Symmetry Planes

Geometric symmetry, electric symmetry and magnetic planes of symmetry in a model can be exploited to reduce runtime and memory requirements.

Symmetry in a model applies to the method of moments (MoM) and all hybrid techniques where the MoM is involved, but not in conjunction with the multilevel fast multipole method (MLFMM).

A symmetric model without geometric symmetry defined is not guaranteed to have a symmetric mesh. Such a setup leads to non-symmetric current distributions on the structure.

Geometric Symmetry

The structure must be symmetric concerning the symmetry plane, while the sources may be arbitrarily located.

Electric Symmetry

To define an electric symmetry plane, the following must be true:
  • The model must be geometric symmetry at the plane.
  • The electric current density must be anti-symmetric.
  • The magnetic current density must be symmetric.
For example, a physical interpretation of an electric symmetry plane is a plane which can be replaced by a perfect electric conductor (PEC) wall without changing the field distribution. The tangential component of the electric field and the normal component of the magnetic field are zero at such a plane.

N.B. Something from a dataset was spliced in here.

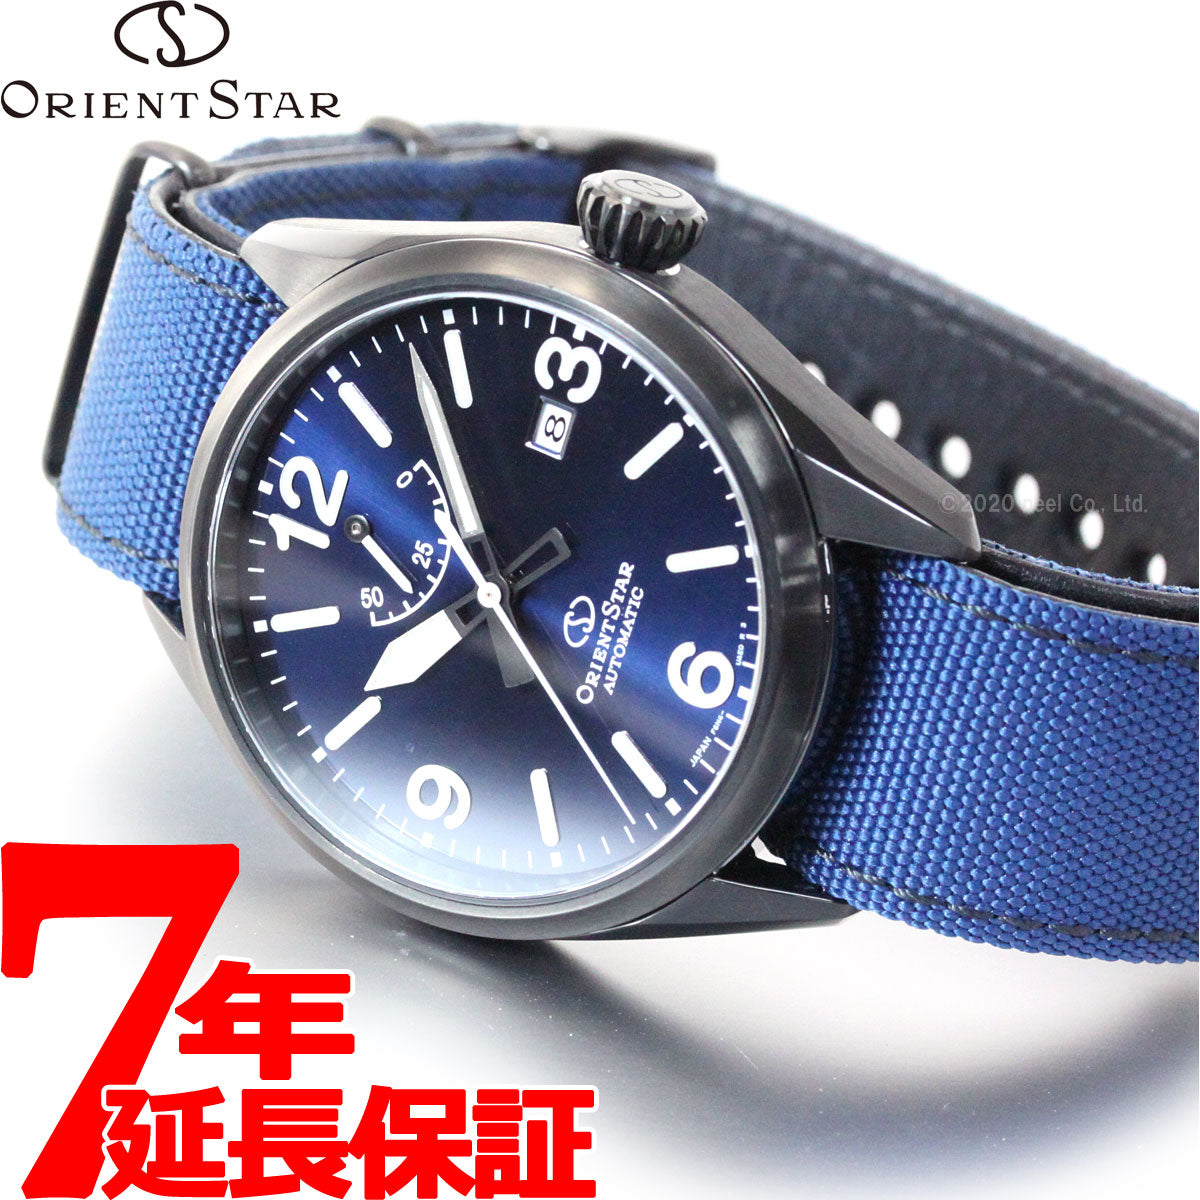 オリエントスター ORIENT STAR 腕時計 メンズ 自動巻き メカニカル スポーツ アウトドア RK-AU0207L

Figure 1. Electric symmetry plane

Magnetic Symmetry

To define a magnetic symmetry plane, the following must be true:
  • The model must be geometric symmetry at the plane.
  • The electric current density must be symmetric.
  • The magnetic current density must be anti-symmetric.
For example, a physical interpretation of a magnetic symmetry plane is a plane which can be replaced by a perfect magnetic conductor (PMC) wall without changing the field distribution. The normal component of the electric field and the tangential component of the magnetic field are zero at such a plane.


Figure 2. Magnetic symmetry plane